The Lambino Group did not attach to their present petition with this Court a copy of the paper that the people
signed as their initiative petition. The Lambino Group submitted to this Court a copy of a signature sheet
after the oral arguments of 26 September 2006 when they filed their Memorandum on 11 October 2006.

2.

A Revisit of Santiago v. COMELEC is Not Necessary

The present petition warrants dismissal for failure to comply with the basic requirements of Section 2, Article
XVII of the Constitution on the conduct and scope of a peoples initiative to amend the Constitution.
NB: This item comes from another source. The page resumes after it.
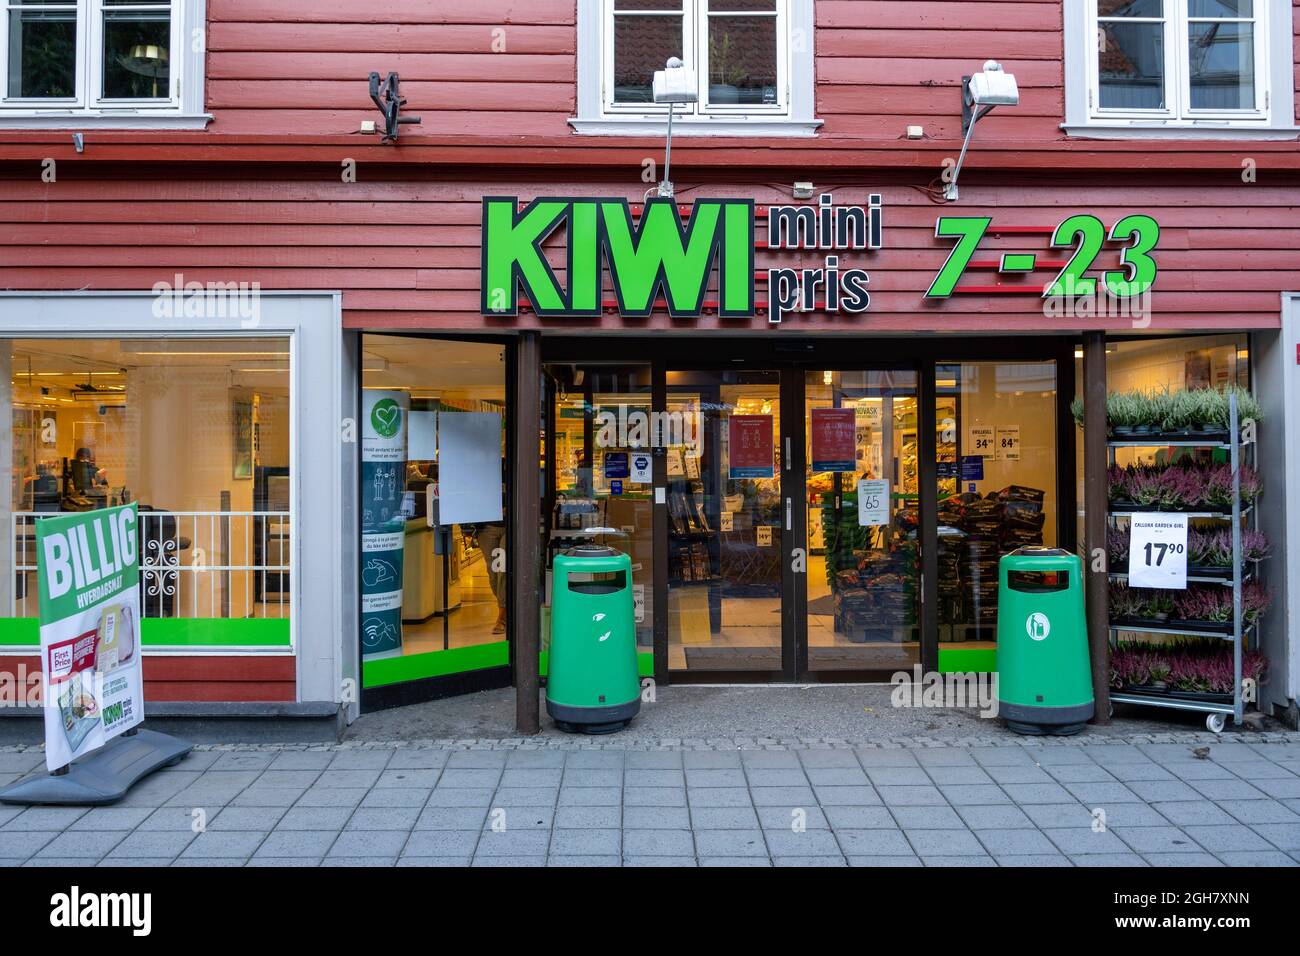 Kiwi Mini Pris in Lillehammer, Europe Stock Photo - Alamy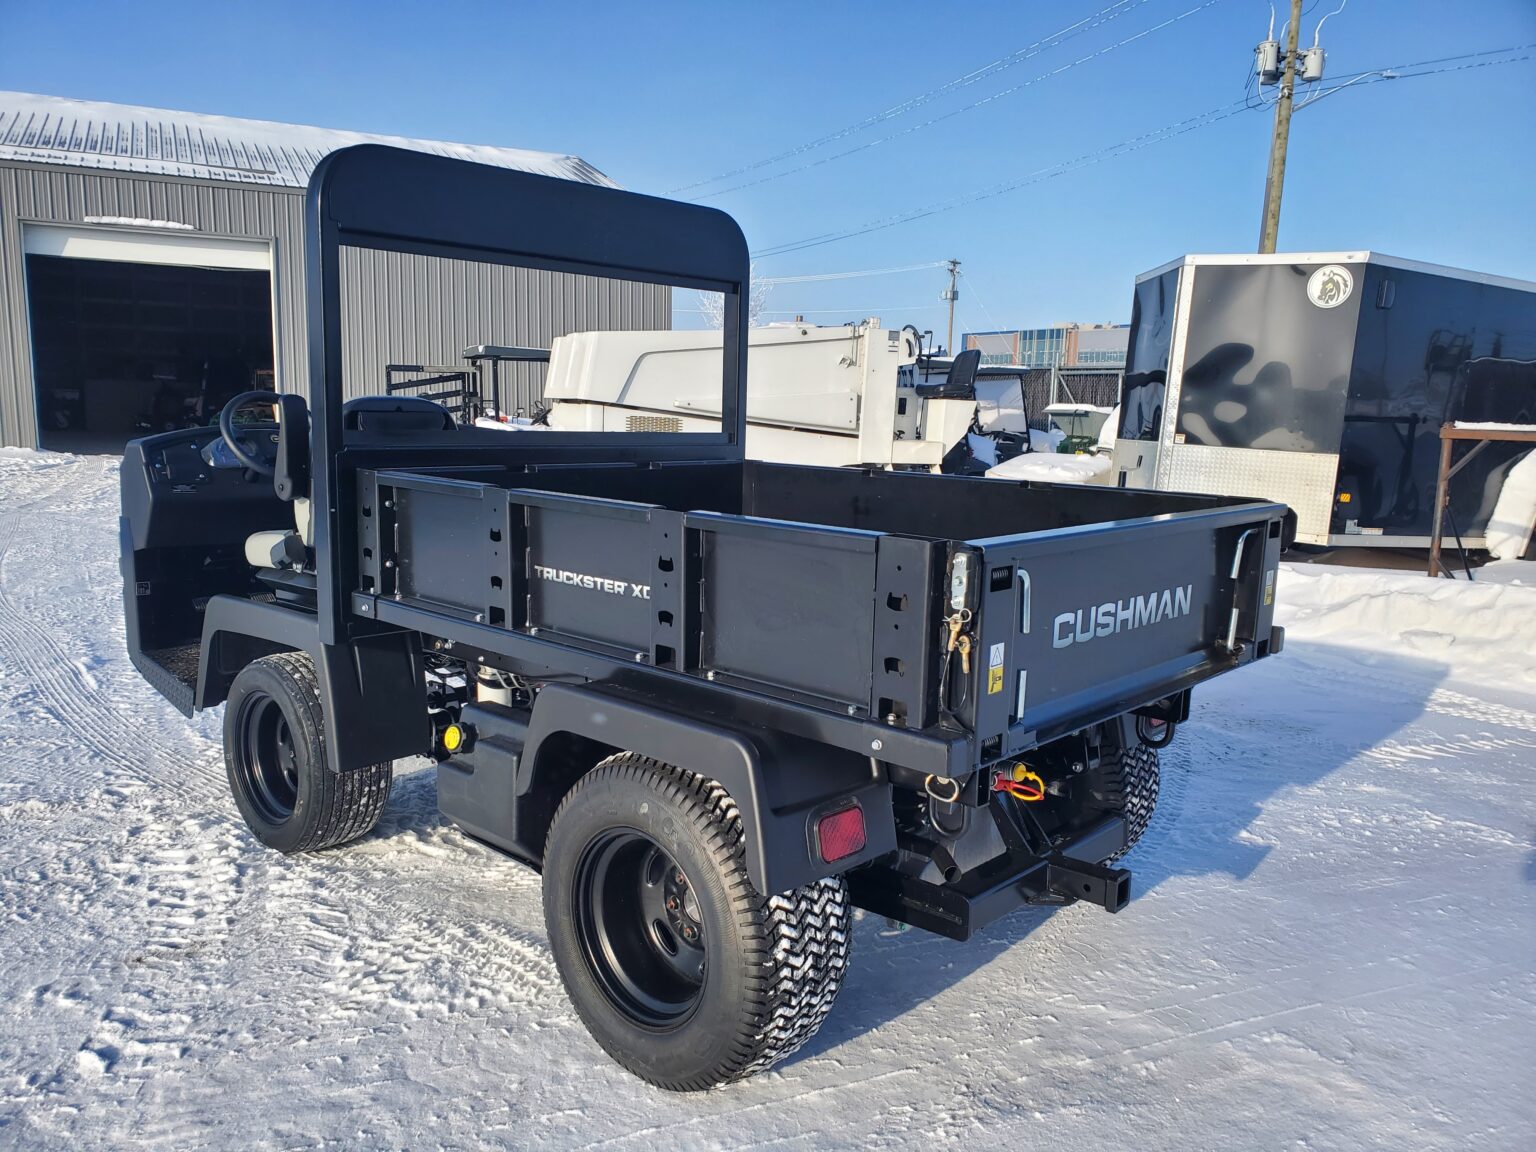 Brand New 2022 Cushman Truckster XD HeavyDuty Utility Vehicle

There is
no need to revisit this Courts ruling in Santiago declaring RA 6735 incomplete, inadequate or wanting in
essential terms and conditions to cover the system of initiative to amend the Constitution. An affirmation or
reversal of Santiago will not change the outcome of the present petition. Thus, this Court must decline to
revisit Santiago which effectively ruled that RA 6735 does not comply with the requirements of the
Constitution to implement the initiative clause on amendments to the Constitution.